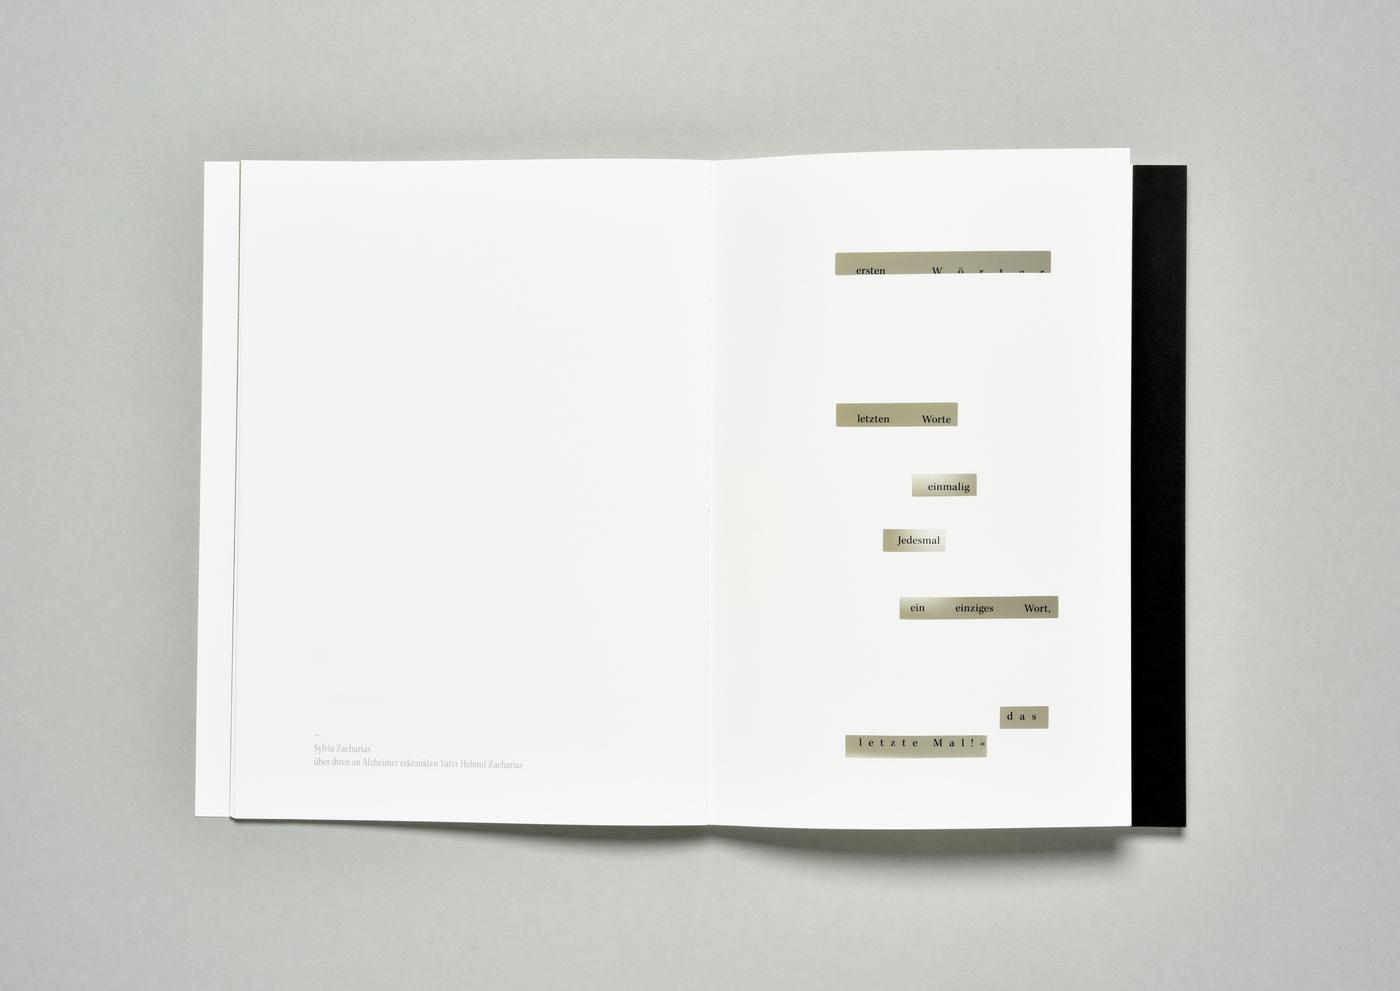 book buch demenz dementia Gedächtnis Krankheit Gesundheit fadenbindung
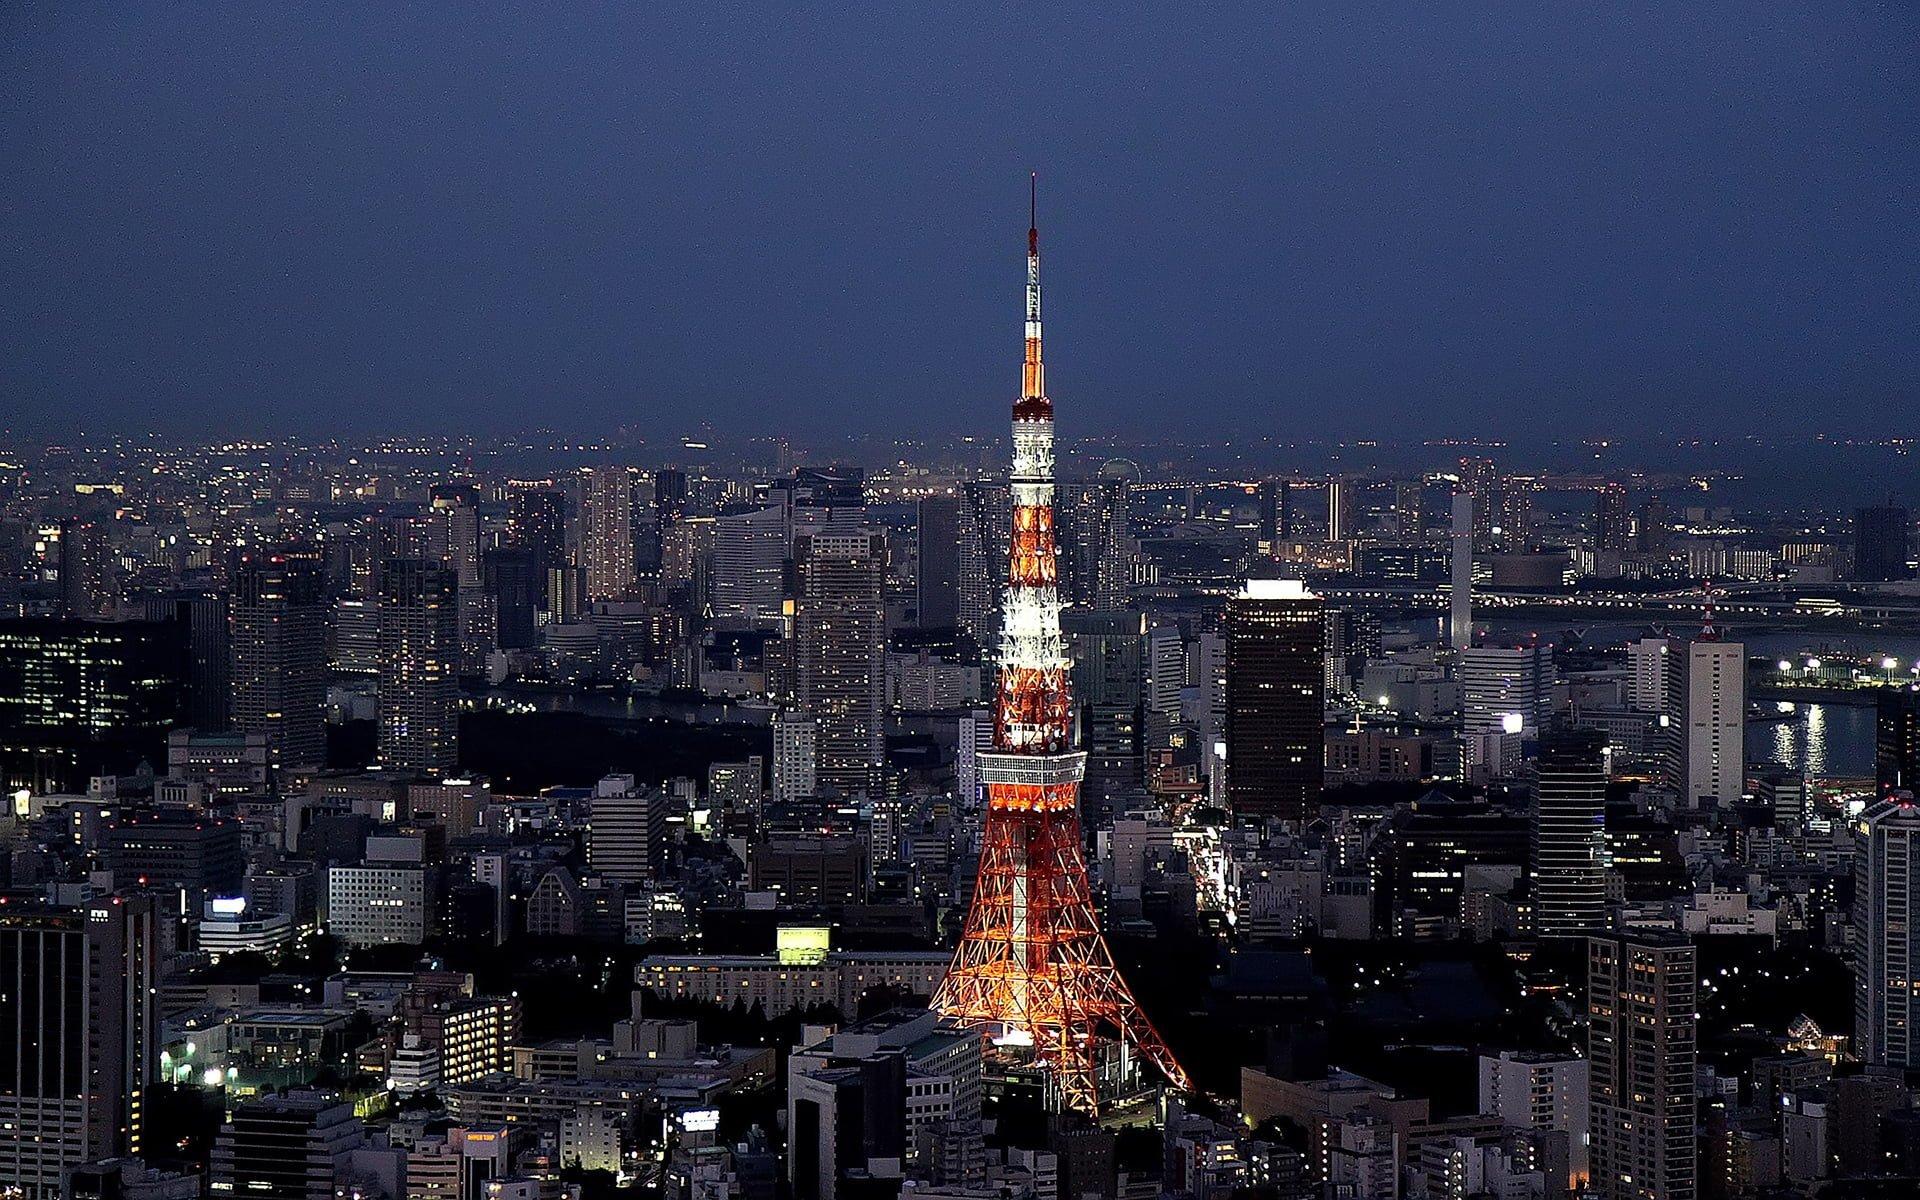 japonya kule
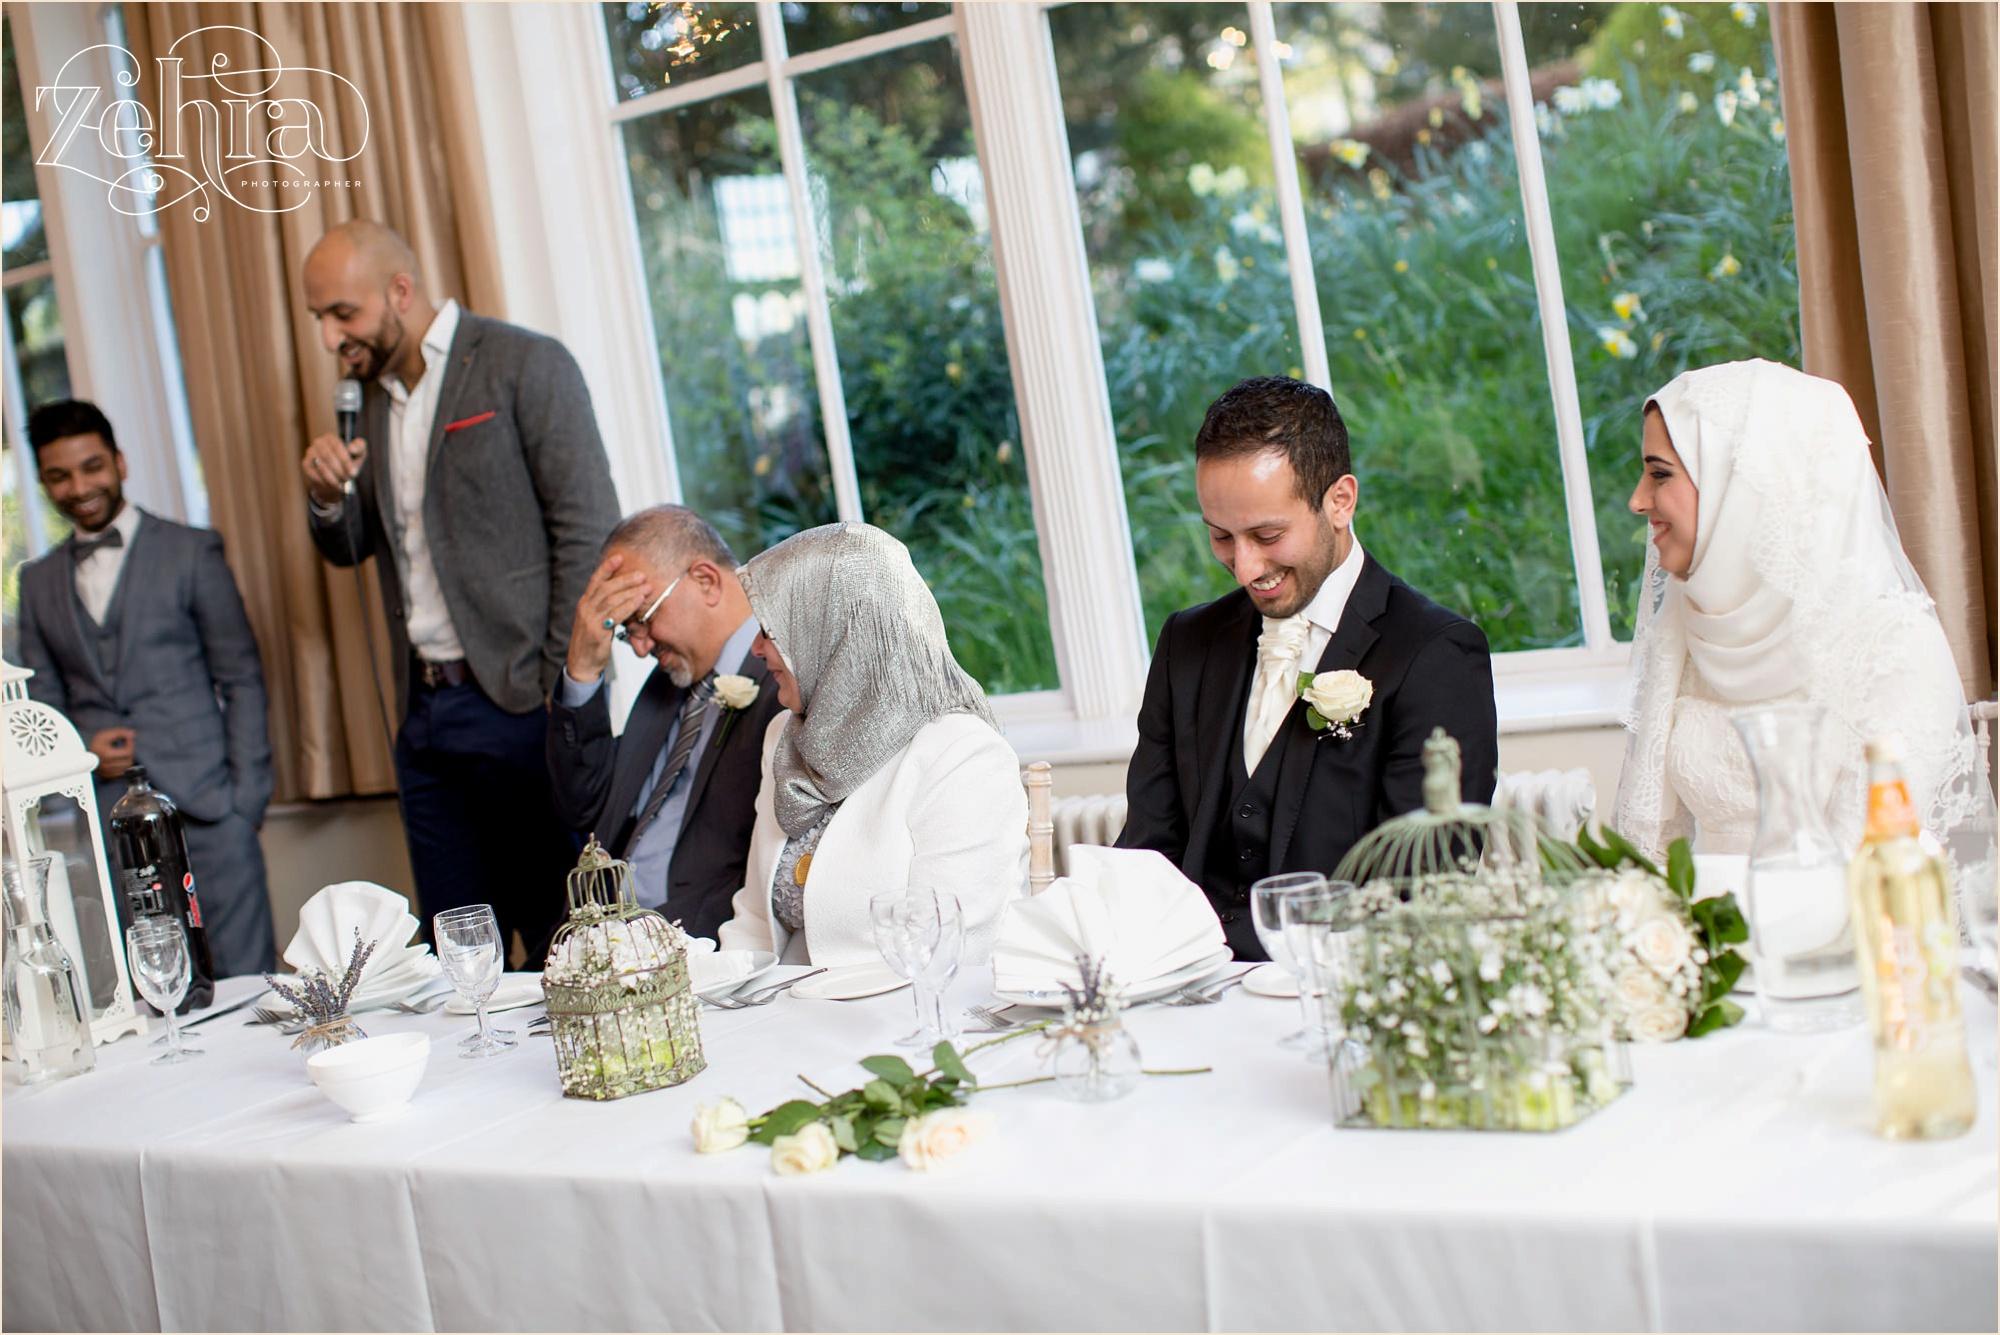 jasira manchester wedding photographer_0110.jpg
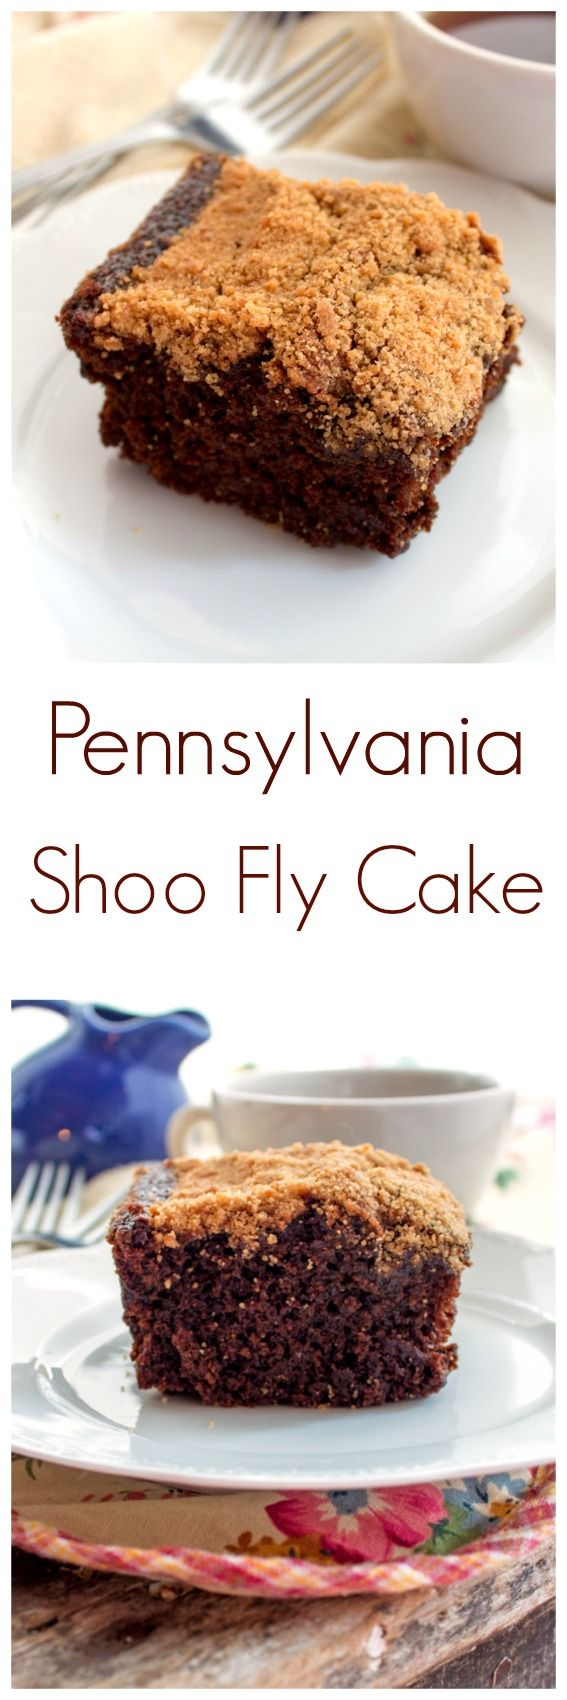 Pennsylvania Shoo Fly Cake via…

Task details:
Copy the whole listing exactly, excluding the pictures in it.

Output of the exercise:
 book buch demenz dementia Gedächtnis Krankheit Gesundheit fadenbindung
 japonya kule
 jasira manchester wedding photographer_0110.jpg
 Pennsylvania Shoo Fly Cake via…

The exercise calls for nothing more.